Wpierw zapisałem w Fortranie zasady ruchów szachowego konika (raptem  kilka
kartek perforowanych), a potem na pożyczonym ZX Spectrum program, który  miał
pomóc znaleźć rozwiązanie zadania z czasopisma "Świat Młodych" - zadanie
"słowo za milion"...


"zęzęś"?
Raczej z tygodnika "Razem".

--
Brak sygnaturki.

Data: 2013-10-24 17:41:09
Autor: Emanuelle
Łza się w oku kręci. XT
mappl napisał:

I pewnie Ubuntu w idle obciąży wszystkie rdzenie na 30-40%

mam nadzieję, że twoje czarnowidztwo się nie sprawdzi.

A wracając do tematu, nie uważasz, że w dawnych czasach zastosowanie komputerów osobistych było mocno
ograniczone? Na tym XT był arkusz kalkulacyjny, edytor tekstu i... to w zasadzie wszystko. Wtedy faktycznie
domowemu userowi komputer był średnio potrzebny.

Zwykłemu userowi w tamtych czasach, XT specjalnie nie służył. Ale ja zwykłym userem nie byłem. To firma, w której wtedy pracowałem (a której wszelki ślad zaginął) współfinasowała zakup bym mógł pracowac od świtu .. do nocy. Był tam zainstowany Turbo Pascal 6. Na komputerze pozostały ślady programu, który już na nowych komputerach poprzez TP7 i Delphi po 10 latach był zawansowanym programem numerycznym. Obecnie tez niestety juz nieaktualny.

Wracając do tematu, w owych czasach XT przez IBM nie był pomyślany jako narzędzie dla ludu tylko dla 'compute'. Dalszy lawinowy rozwój komputerów sprawił, że komputery trafiły pod strzechy. Obecnie nastał trend miniaturyzacji sprzętu i dla ludu wystarczy smartfon i tablet, w konsekwencji produkacja pecetów maleje.

--
eman

Data: 2013-10-24 19:46:04
Autor: Irokez
Łza się w oku kręci. XT
W dniu 2013-10-24 15:27, mappl pisze:
Wyprowadzony komputer 'mijał się w drzwiach" z nowym komputerem mającym na pokładzie i7 3770 (64 bity - 4 rdzenie), zegarze 3,5 GHz (735 razy szybciej), pamięci RAM 4GB (16 000 razy więcej), dysku 1 TB (100 000 razy więcej). Wspólne z pradziadkiem jest to, że nie ma na nim Widowsa. Zamiast DOSa będzie Ubuntu.
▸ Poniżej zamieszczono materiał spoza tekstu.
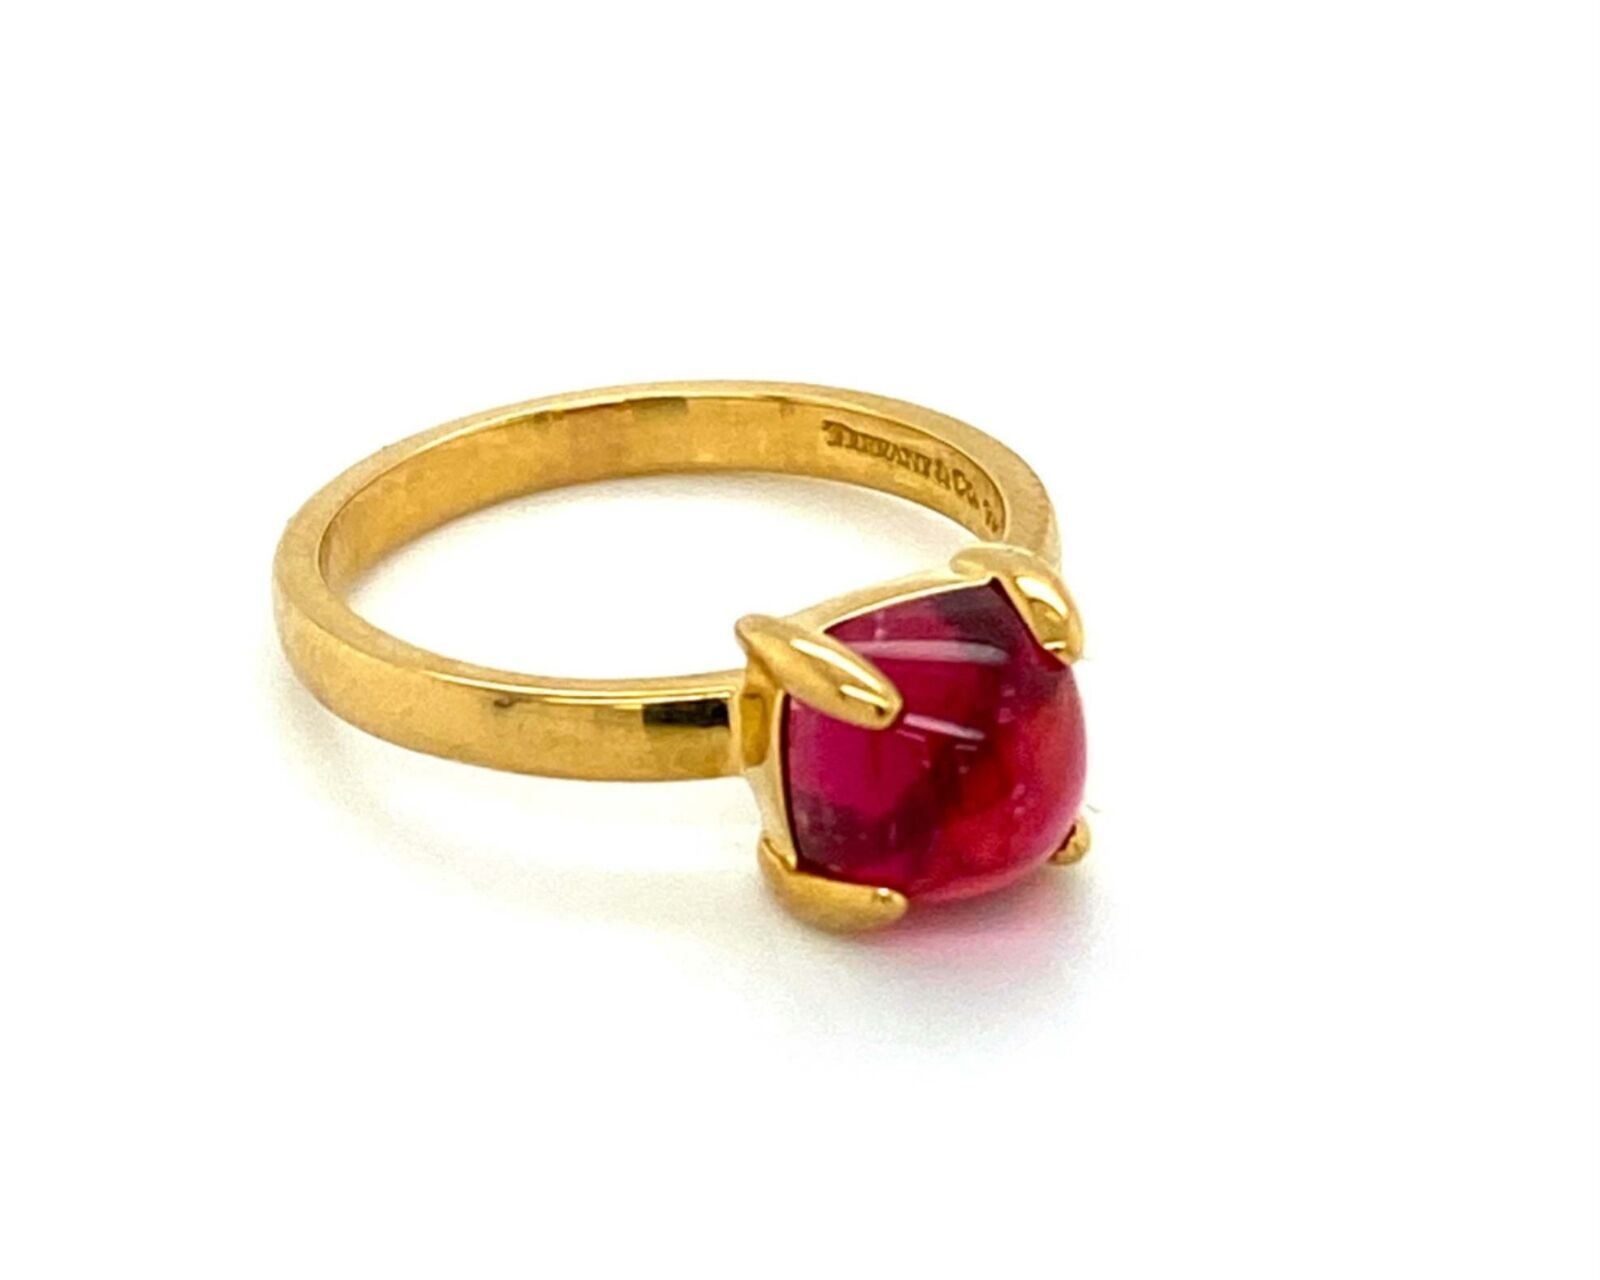 Tiffany & Co. Picasso Rubellite Gem 18k Yellow Gold Sugar Stacks Ring
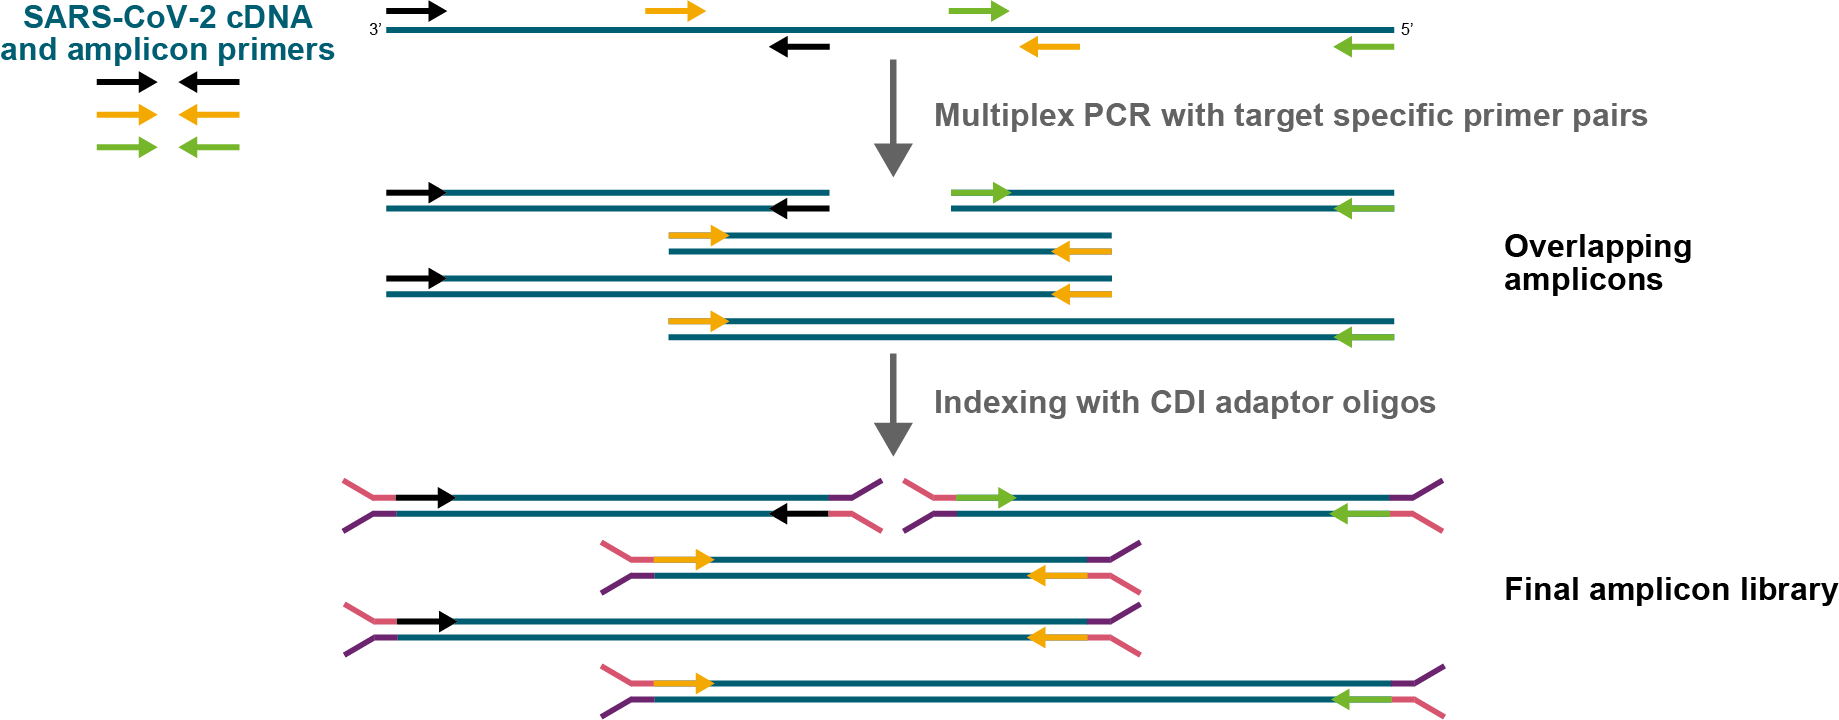 This figure illustrates the basic library preparation method used in this targeted amplicon-seq protocol

I pewnie Ubuntu w idle obciąży wszystkie rdzenie na 30-40%
A wracając do tematu, nie uważasz, że w dawnych czasach zastosowanie komputerów osobistych było mocno ograniczone? Na tym XT był arkusz kalkulacyjny, edytor tekstu i... to w zasadzie wszystko. Wtedy faktycznie domowemu userowi komputer był średnio potrzebny.

W sumie tak za czasów XT, 286 to faktycznie na PC u sąsiada patrzyłem tak dziwnie. Wielkie pudło z małym bursztynem i gry kwadrat goni trójkąt. Ale młody byłem. Więc kwestia jeszcze wieku.

Miałem Amigę 500+ (wcześniej Atari 800XL), podłączone to do telewizora plus wyjście na wzmacniacz audio stereo. Ech te gry, demka i muzyka. PC był do drukowania faktur, pisania tektów... chociaż pracę dyplomową do średniej robiłem na Amidze w edytorze WYSIWYG i drukowałem na igłówce Star. Wyszło przezacnie w stosunku do zwykłej maszyny do pisania.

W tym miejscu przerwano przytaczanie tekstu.